Hello to all this is my first post hope you are good!
I try to extract the content of the table located on this site: https://pamestoixima.opap.gr/ . I want to extract the table as is. I have tried several ways such as beautifulSoup , pandas, and selenium but with no success! The latest code I have tried is this:
from bs4 import BeautifulSoup
from selenium import webdriver
driver = webdriver.Chrome( executable_path=r'C:path to /chromedriver.exe')
driver.get('https://pamestoixima.opap.gr/')
soup = BeautifulSoup(driver.page_source,'lxml')
author_element = soup.find("table", class_="results-table")

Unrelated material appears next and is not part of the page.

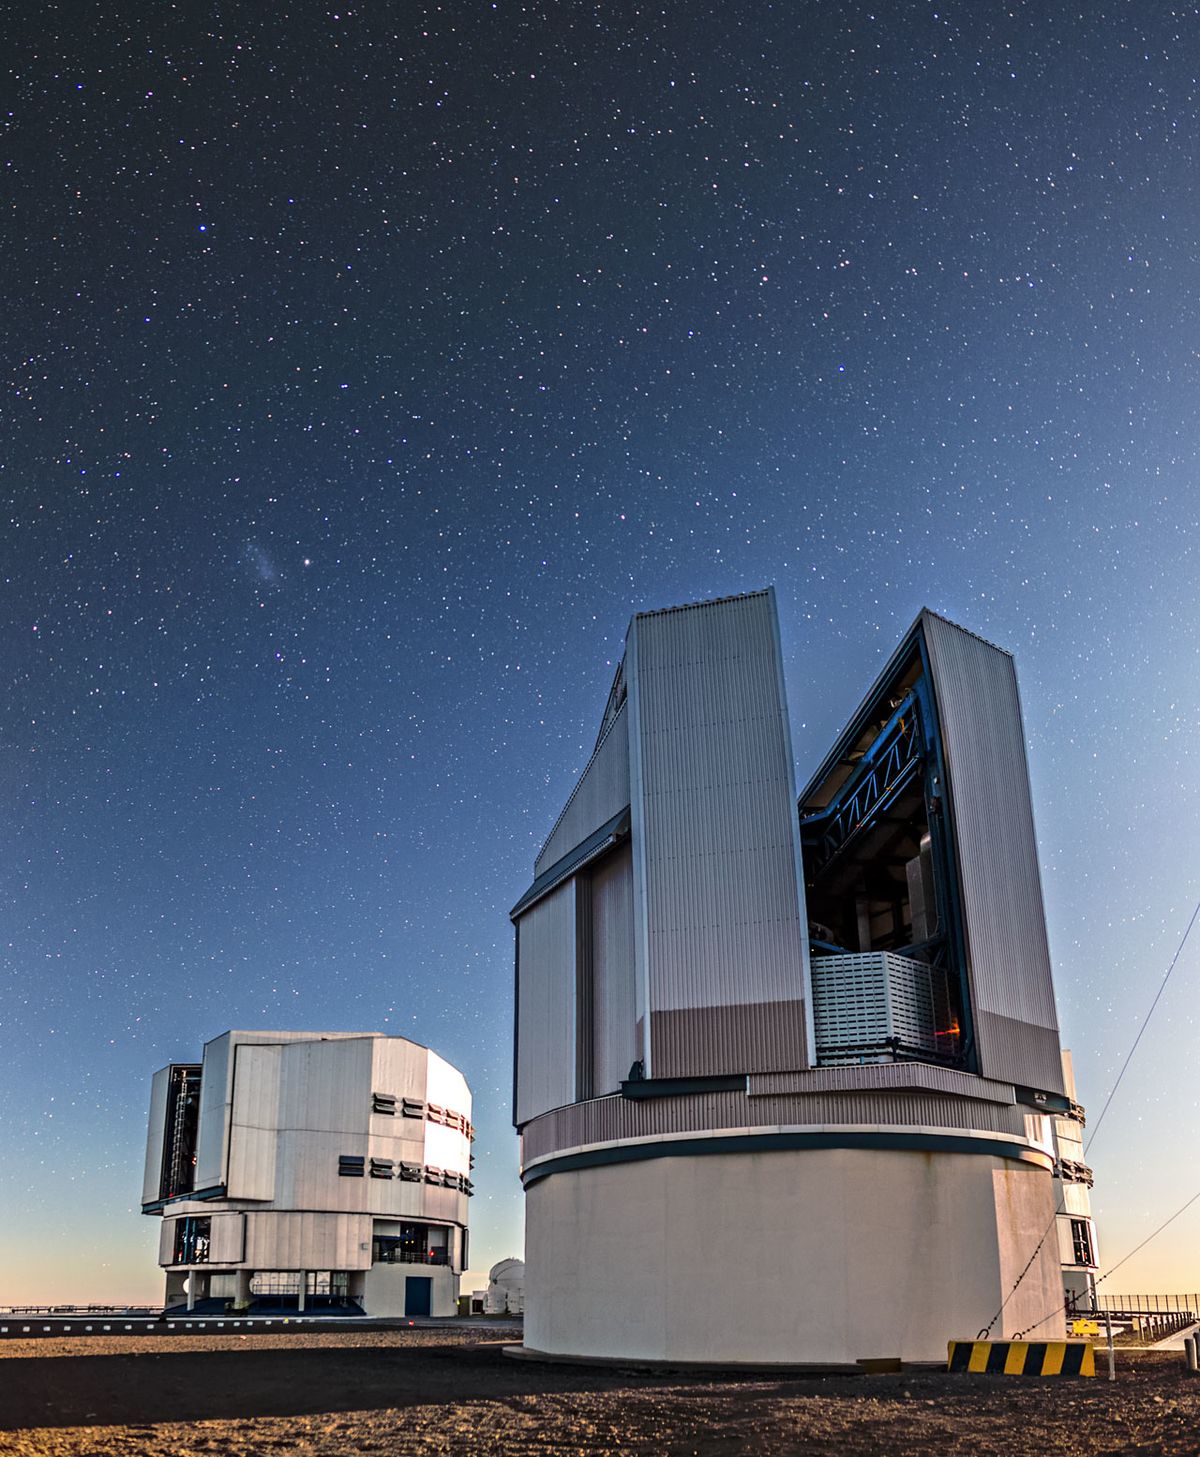 Soustava teleskopů VLT
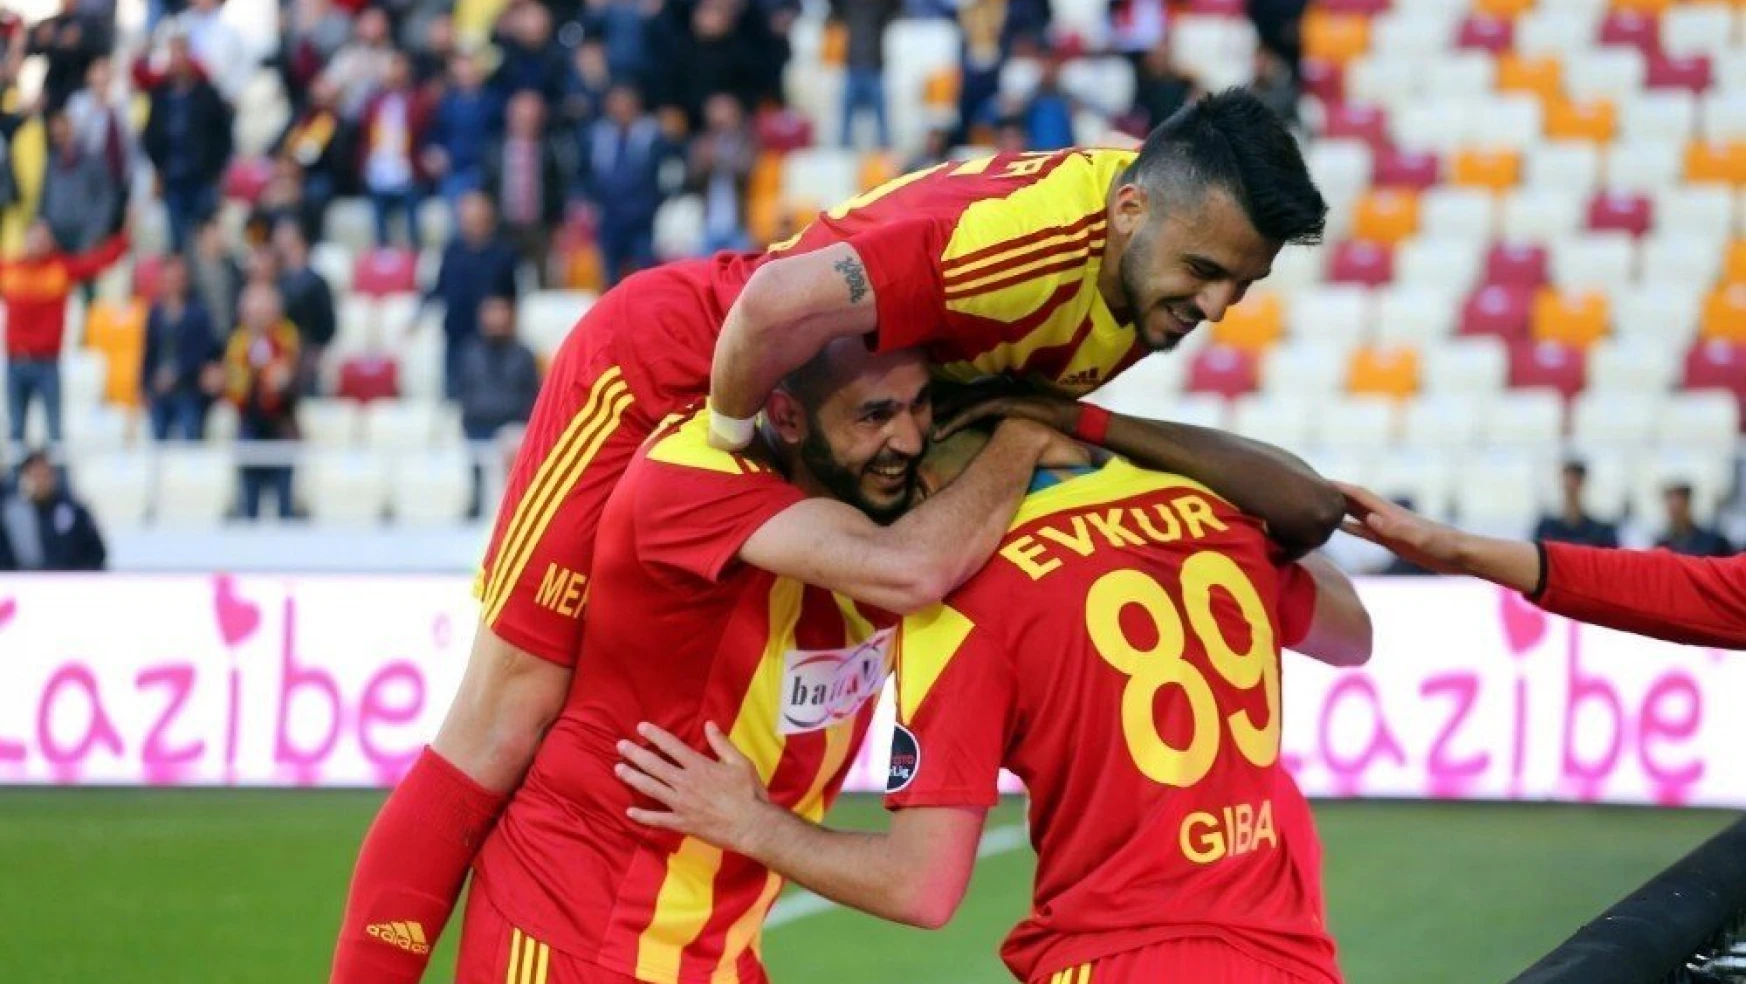 Spor Toto Süper Lig: Evkur Yeni Malatyaspor: 4 - Gençlerbirliği: 1 (Maç sonucu)

print(author_element.text)
driver.quit()
The error message I get is this:
USB: usb_device_handle_win.cc:1049 Failed to read descriptor from node connection:
Thank you in advance for any help!
CodePudding user response:
Do you specifically want to use Selenium? I haven't looked into detail but I think you can find all the data in this file: https://api.opap.gr/sb/sport/soccer/coupon?locale=el&onlyLive=false&marketIds=1,2,31,21,18,18,18,14&fromDate=2022-05-03&toDate=2022-05-03
CodePudding user response:
You can use selenium with pandas to grab complete table data as follows:
import time
import pandas as pd
from bs4 import BeautifulSoup
from selenium import webdriver
from selenium.webdriver.chrome.service import Service
from webdriver_manager.chrome import ChromeDriverManager
from selenium.webdriver.chrome.options import Options
option = webdriver.ChromeOptions()
option.add_argument("start-maximized")
#chrome to stay open
option.add_experimental_option("detach", True)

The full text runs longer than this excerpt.